Sincere thanks to Media Contact for their generosity in offering some free places at what was a really enlightening conference. I really did learn a lot more than what I have outlined above! Promise!

Tuesday, May 3, 2011


The children went back to school today after the longest Easter holidays ever – with two bank holidays thrown in for good measure. But as I struggle to get back into a routine I am not helped by the fact that last weekend was one of the weirdest ever. If you were a visitor from outer space who arrived on Earth late last week, you would have been gobsmacked at just how ‘uncivilized’ and peculiar life on earth really is.

The weekend began with the best of stories – love – with the marriage of the beautiful girl, Catherine Middleton to her Prince Charming. Her new husband, William is of course the son of the late Princess Diana – one of the most famous and most loved women on the planet in the 20th century. The spectacle of the Royal Wedding lifted hearts and focused our attention on the human need for love and connection. It also perhaps has brought some healing to the house of Windsor who for the last few decades seems to have been wracked by scandal and divorce and rifts. Friday was the best of days... we the world watched Britain do what it does best – pageantry and ceremony and we shared, at a distance, the celebration and hope that a good wedding should evoke.

Saturday was uneventful and was followed by Sunday and the beatification of Pope John Paul II. How to explain this concept to our visitor from Outer Space? I kind of doubt that God holds with the making of saints. I feel fairly sure that hierarchies are very much a human idea and dare I say it, a male one at that, even if it is a hierarchy of goodness. I don’t remember Jesus scoring the disciples on their ‘goodness’. But back to our friend from outer space - even if we could explain the concept of sainthood, venerating a vial of blood might just cause problems. As for retrieving his 6 year’s dead body to bring it to the church again – what’s that about? Can we also explain the simple wooden coffin amid all the priceless splendour of the Vatican? What’s the message there? The men who put this ‘show’ together are all the most ardent followers of Jesus Christ, apparently. Have they forgotten that he was a radical free thinker who lived in a humble life in Israel 2,000 years ago? Does anyone really think he would be happy with the goings on in Rome – at any time, never mind last weekend? Anyway that was Sunday!

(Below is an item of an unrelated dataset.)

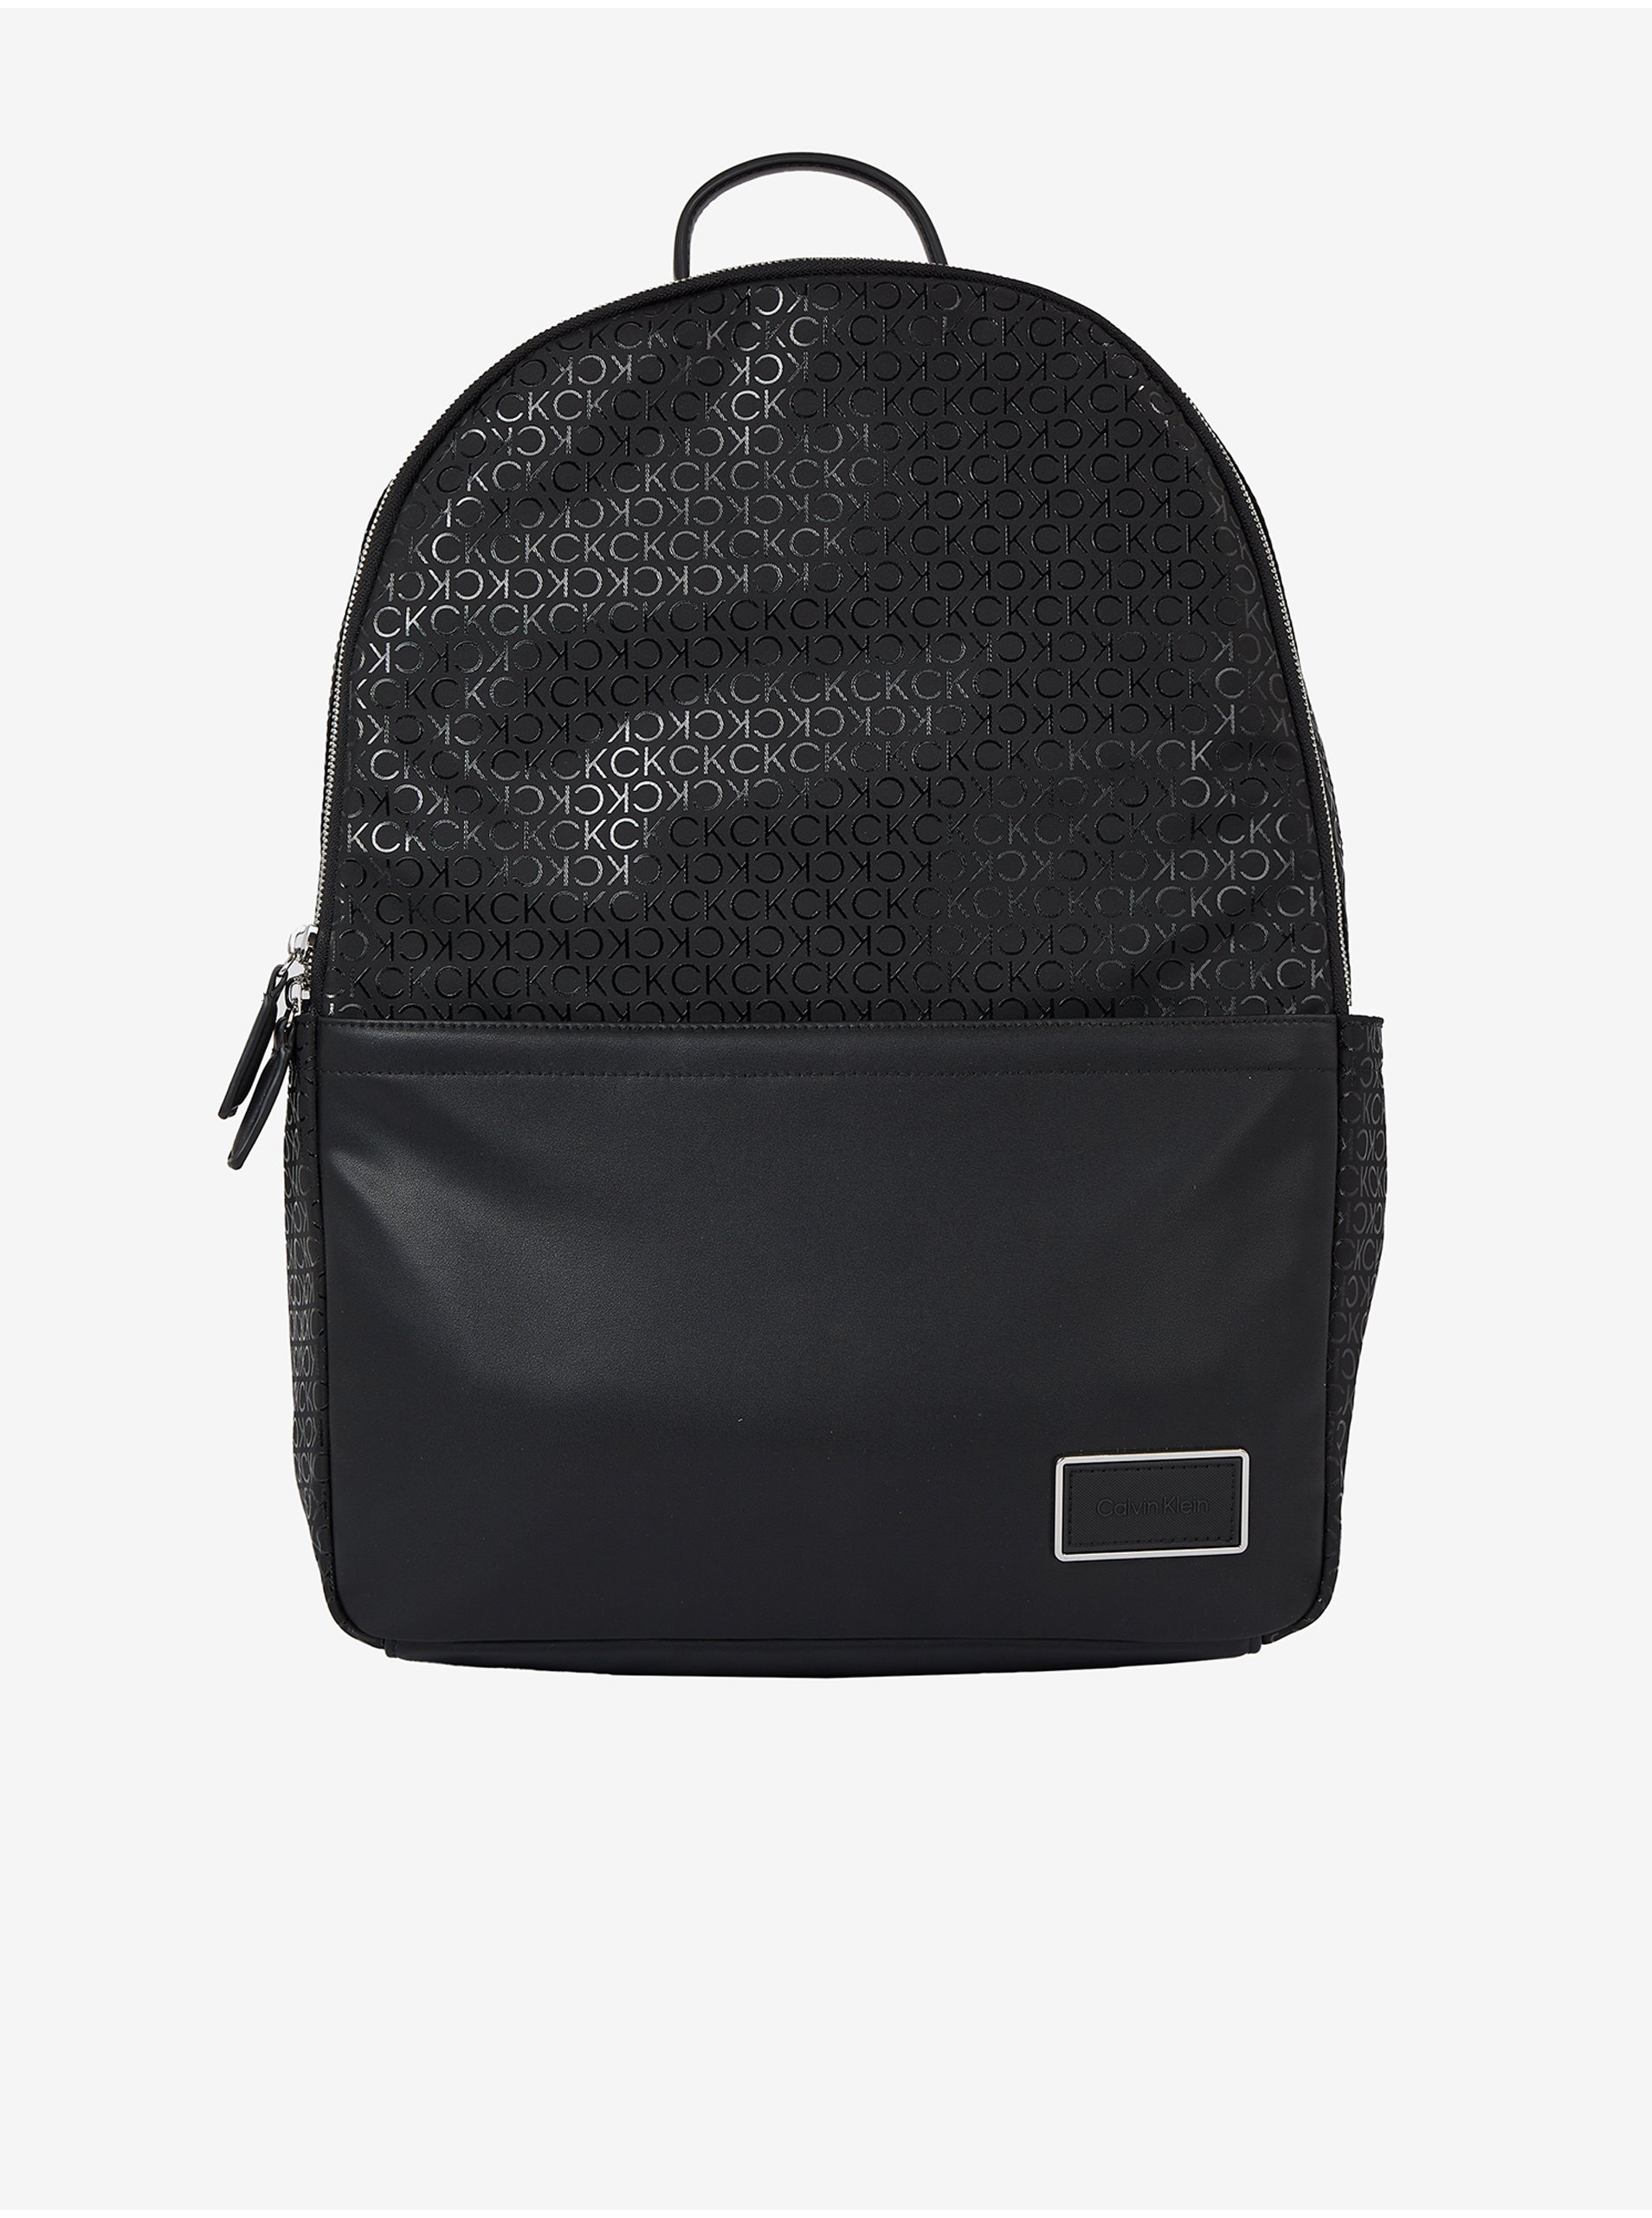 Black Men's Patterned Backpack Calvin Klein - Men

Roll on Bank Holiday Monday and we all awake to the news that US Special Forces have, after 10 years of searching, finally tracked down, killed and buried Osama Bin Laden. All this happened in the space of a few hours. The internet goes wild with speculation and the chatter on Twitter reaches a new high as word spreads. The talk is of Navy Seals, Black Hawk Helicopters and photos of the US Administration watching live the events unfolding in a hereto unknown town called Abbotabad in Pakistan. I can understand the urge for New York City to celebrate but nevertheless scenes we saw of chanting and flag waving are something we are far more used to seeing from Middle East. But more than anything else I was struck by one of those pictures from the ‘situation room’ in the White House. Gathering around, in an informal group were the men of the American Administration all watching the live events from Abbotabad. In the centre of the picture was Hilary Clinton, the only woman and the only person present registering shock and horror. Her hand is clasped over her mouth and her eyes wide open. At times like this I really do wish that the Feminist Movement had really changed the world of politics and that women were in charge of a different way of doing things. And I am reminded of a quotation of Ghandi “an eye for an eye, renders the whole world blind.”

Actually never mind our friend from Outer Space... I am punch drunk from the events of this weekend. I suddenly feel as if I am not of this planet... after the uplift from watching and enjoying the Royal Wedding, the weirdness of the fast tracked beatification of Pope John Paul II with vials of blood and retrieval of his dead body and then the killing of Osama Bin Laden I am feeling very strangely alien on this planet I call home.